Medicaid Fraud Was Exposed Last Week,
But Is Anyone Doing Anything About It?
By Henry J. Stern
July 29, 2005
The first four days of last week (July 18-21) the media provided extensive coverage of the
persistent and costly problem of Medicaid fraud and waste. For several
days lengthy articles in the New York Times and vigorous editorials in the
Times, the News, Newsday and the Post denounced abuses in the 40-year-old
federal program, intended to provide medical assistance to poor people.
Billions of dollars were said to have been squandered in paying unjustified
claims. Rule 29-T applies here: ("The trouble is, the charges
are true.)
We believe that Medicaid is, in terms of dollars stolen and wasted, one of
the world's largest scandals, topping even the Oil for Food program that
was mismanaged by the United Nations from 1996 to 2003. In Oil for
Food, billions of dollars in oil revenues which should have gone for food
and medical supplies for the people of Iraq were diverted into armaments
for Saddam Hussein, luxury goods for privileged Iraqis, baksheesh for officials
at the United Nations and its member states, and other bribes and payoffs.
Sadly, the son of the Secretary General himself was employed as an
agent of one company to get oil contracts on their behalf, but he said he
never told his father he was still working there. The war in Iraq led
to the termination of the well-motivated but widely-abused program.

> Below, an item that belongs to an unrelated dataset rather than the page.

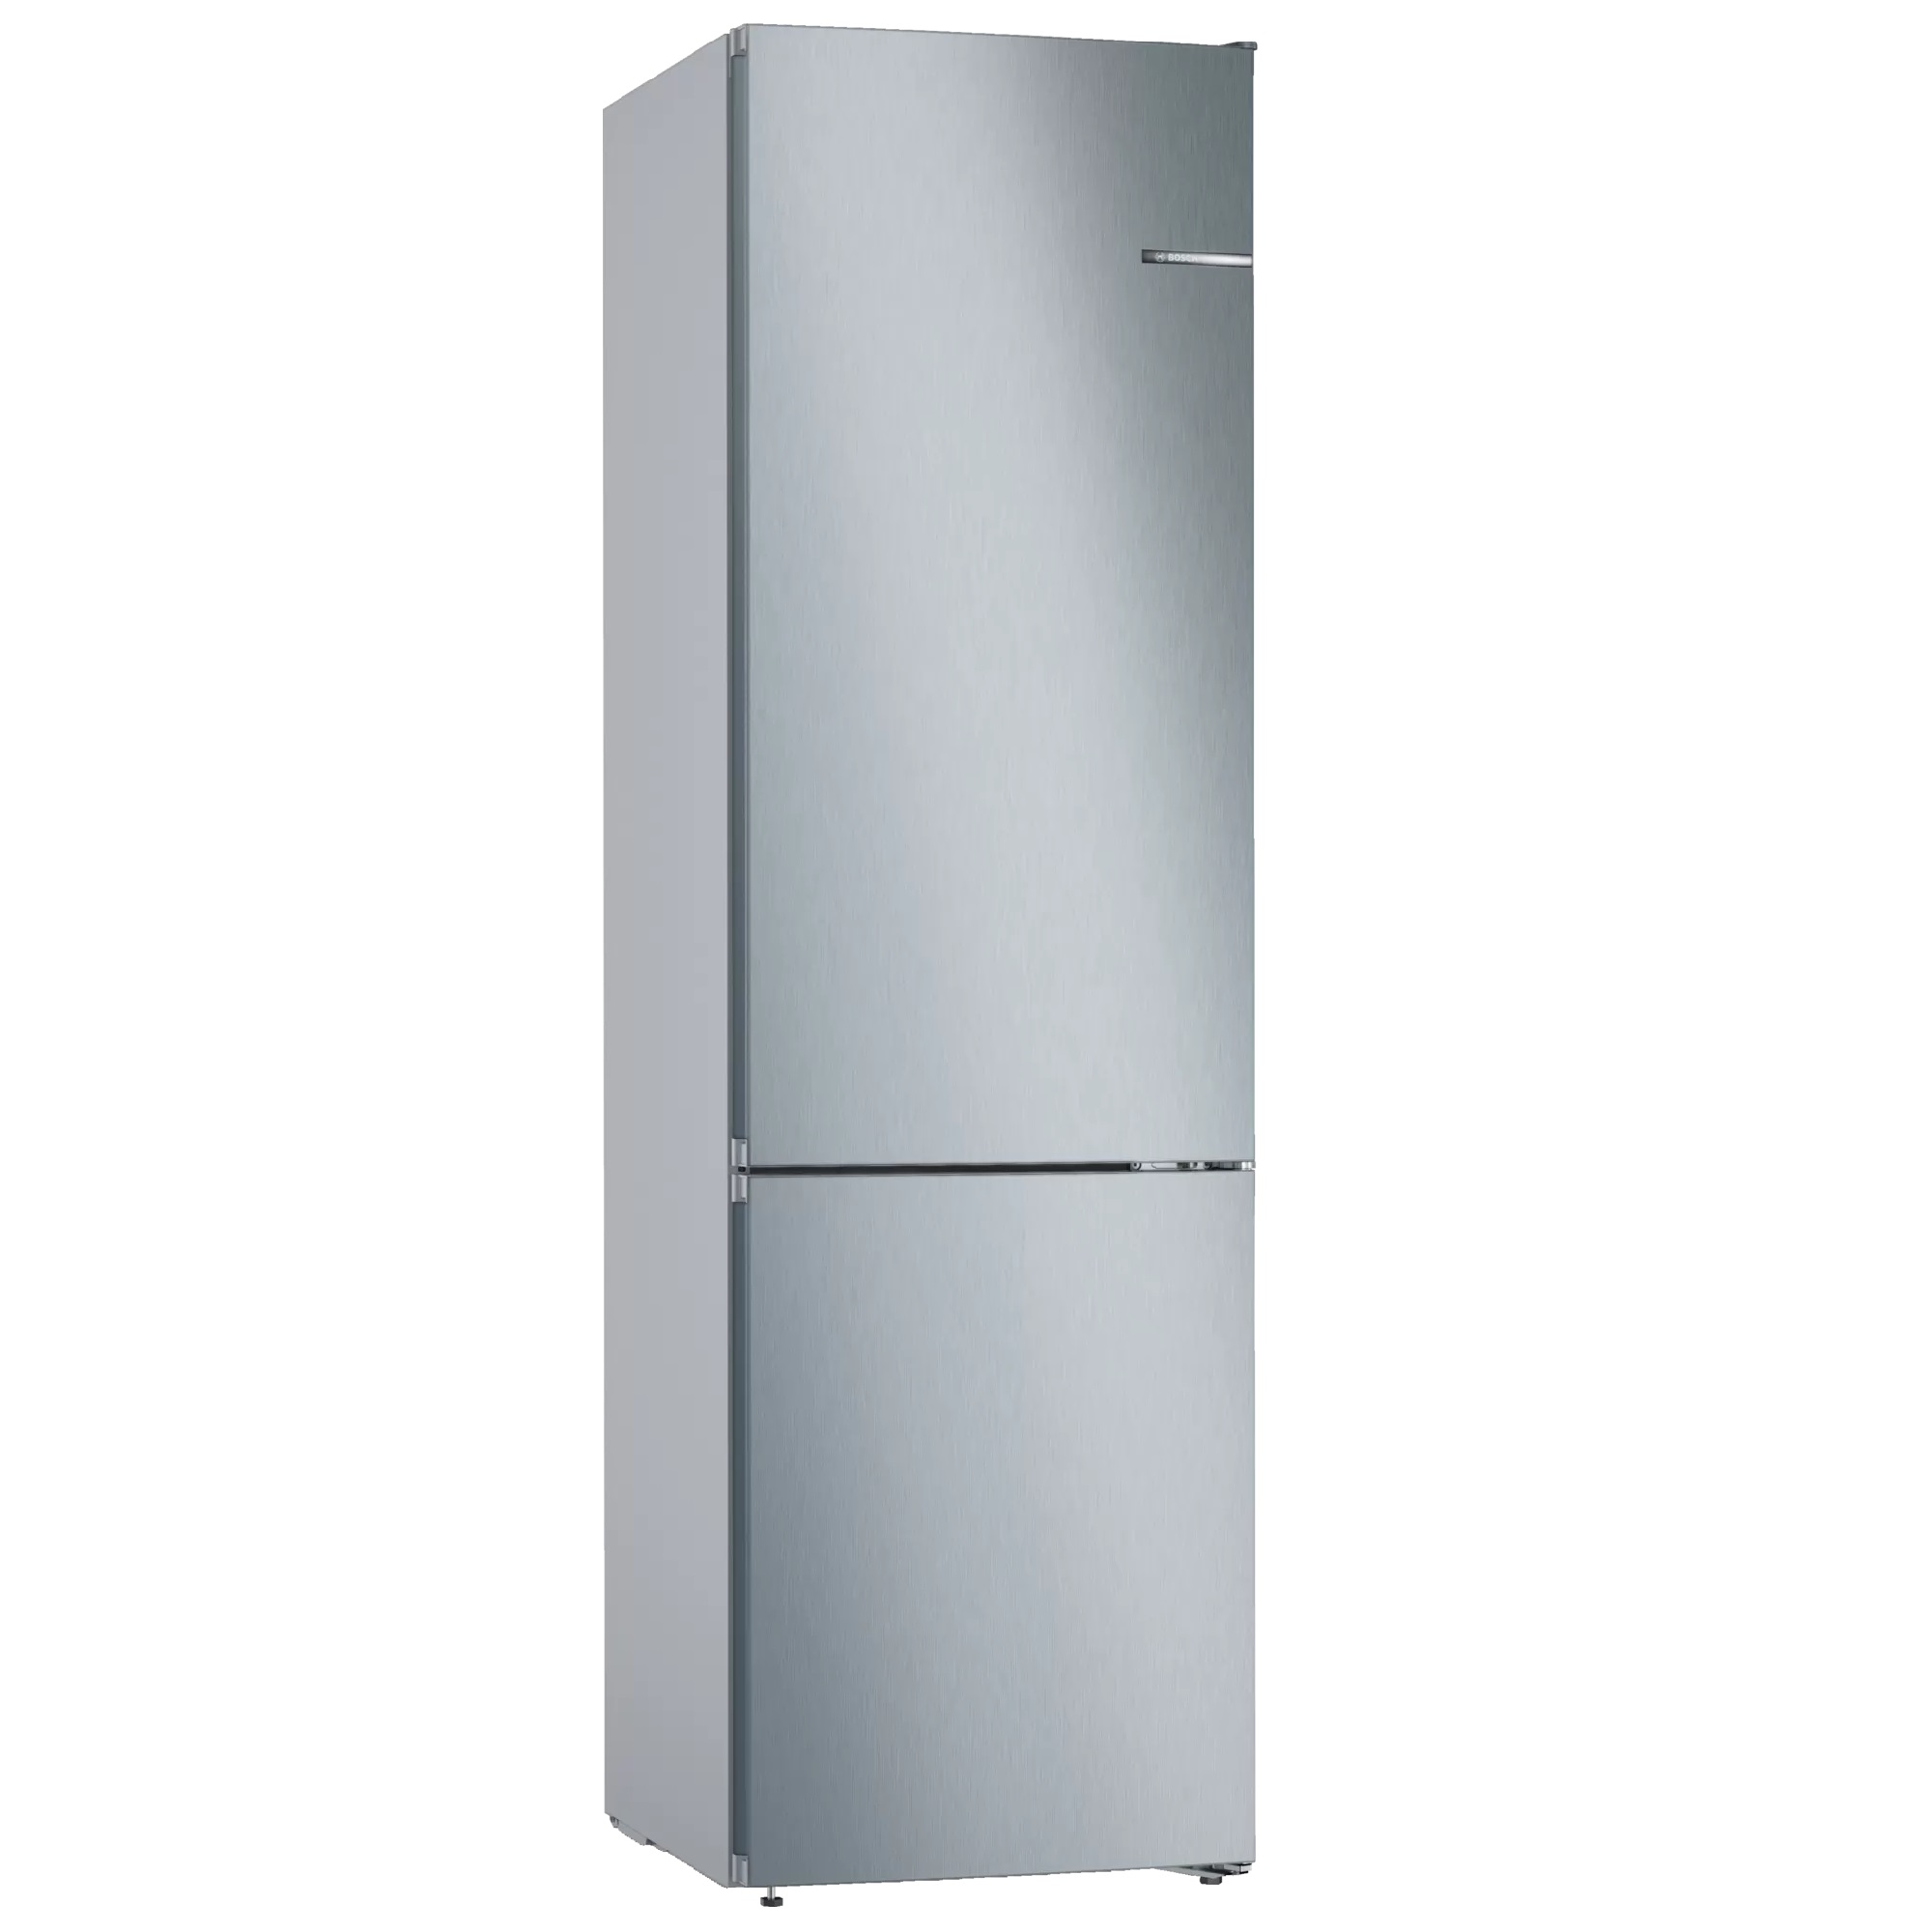 Холодильник двухкамерный купить в днс. Холодильник Bosch kgn39vl25r. Холодильник Bosch kgn39xi27r. Холодильник Bosch serie 4 VITAFRESH. Холодильник Bosch serie 4 kgn39vl24r.

Assuming that the ten per cent estimate for fraud and waste in Medicaid is
confirmed (and some call it modest), the mis-spent funds would exceed $4.4
billion a year. We write here about New York State, which is not the
only locus of corruption, this is a national problem, but we do worse than
other states in dealing with it. The sums involved are enormous, they
all come from taxpayers, and they go to service providers who file fictitious,
fraudulent, deceptive and unjustified claims, for unnecessary services which
may or may not have been performed.
Medicaid is a $44.5 billion annual expense in the New York State budget.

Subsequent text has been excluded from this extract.